# gs2

**Repository Path**: jfiewo/gs2

## Basic Information

- **Project Name**: gs2
- **Description**: No description available
- **Primary Language**: Unknown
- **License**: Not specified
- **Default Branch**: master
- **Homepage**: None
- **GVP Project**: No

## Statistics

- **Stars**: 0
- **Forks**: 0
- **Created**: 2024-12-23
- **Last Updated**: 2024-12-23

## Categories & Tags

**Categories**: Uncategorized

**Tags**: None

## README

# GS2 documentation

## What is GS2?

GS2 is a stack-based, concatenative programming language with functional influences, inspired by [GolfScript](http://www.golfscript.com/) and [J](http://jsoftware.com/). Its primary purpose is doing well at [code golf](https://en.wikipedia.org/wiki/Code_golf) contests; it achieves this by supplying many built-in commands and syntactical shortcuts that are each only one byte long.

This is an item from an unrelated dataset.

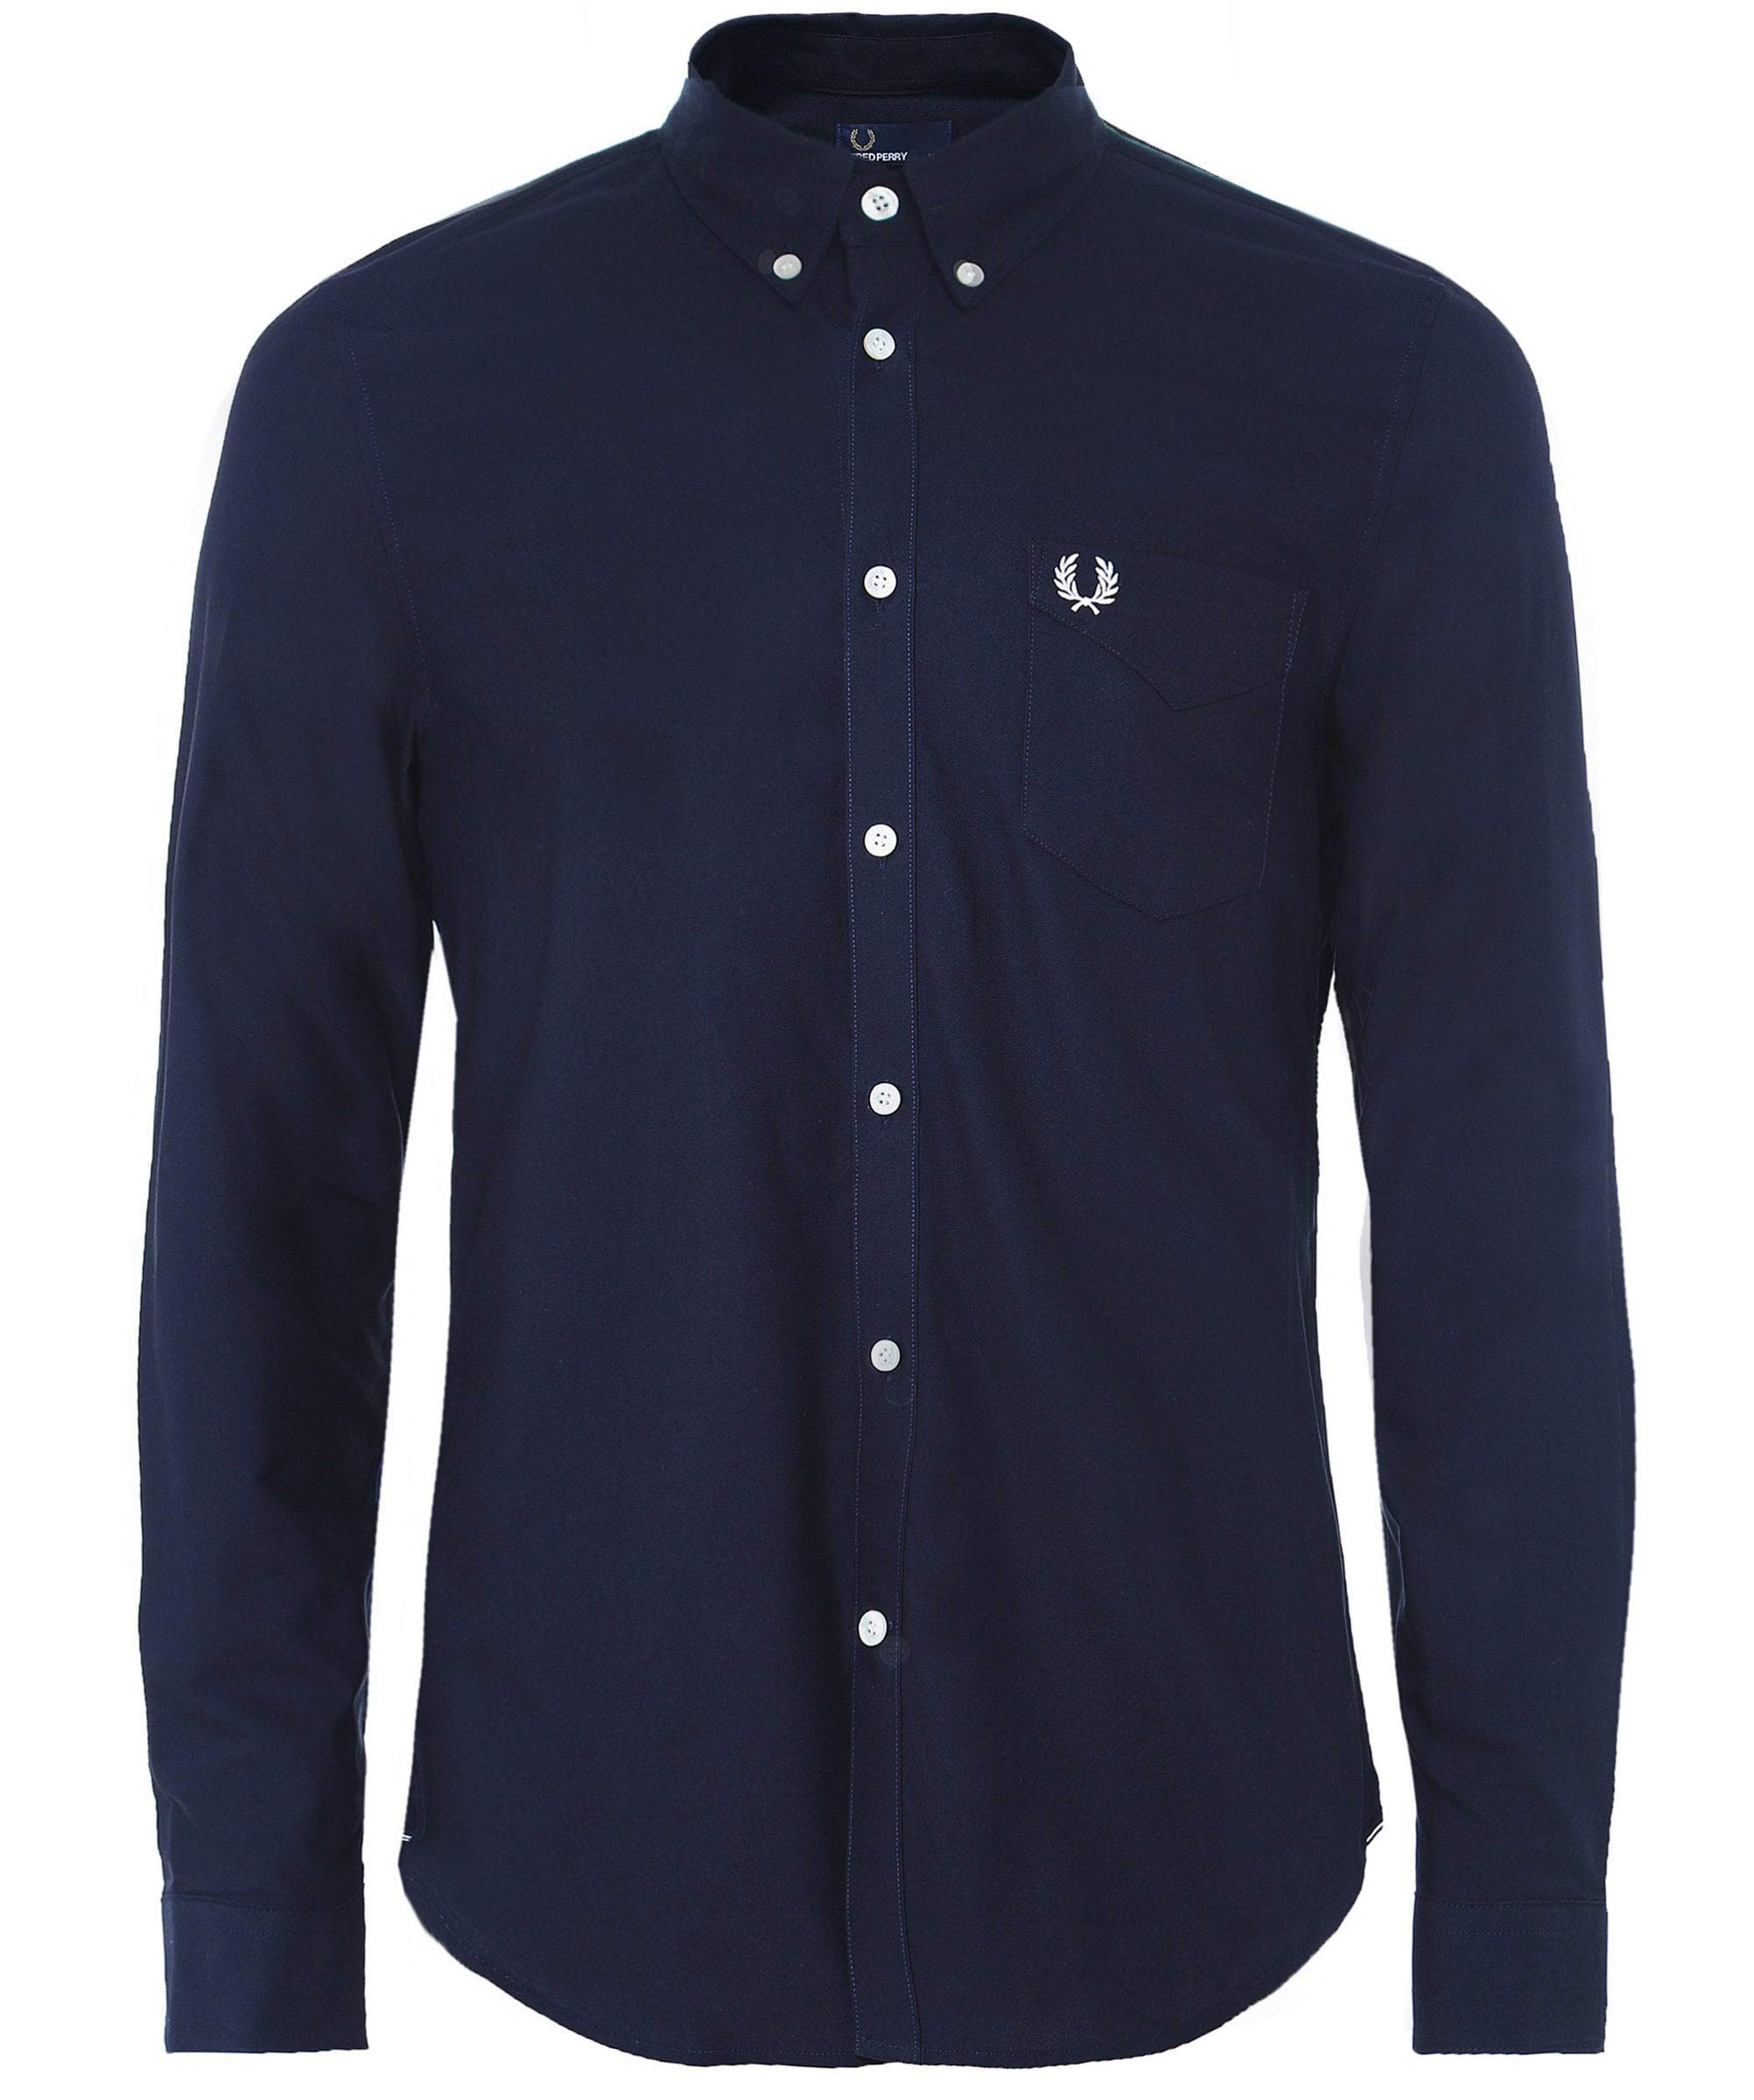 Fred Perry Men's Classic Oxford Shirt, Navy, Medium

Programming in GS2 is conceptually similar to programming in GolfScript or similar languages: the stack initially contains a string representing standard input, and its contents are printed to standard output when the program is finished.

_The original author (@nooodl/@maurisvh) is no longer maintaining this language._

## Values

GS2 values are integers, blocks, or lists. Blocks contain unevaluated code, representing "functions", like in GolfScript. There is no dedicated string type: strings are just lists of integers.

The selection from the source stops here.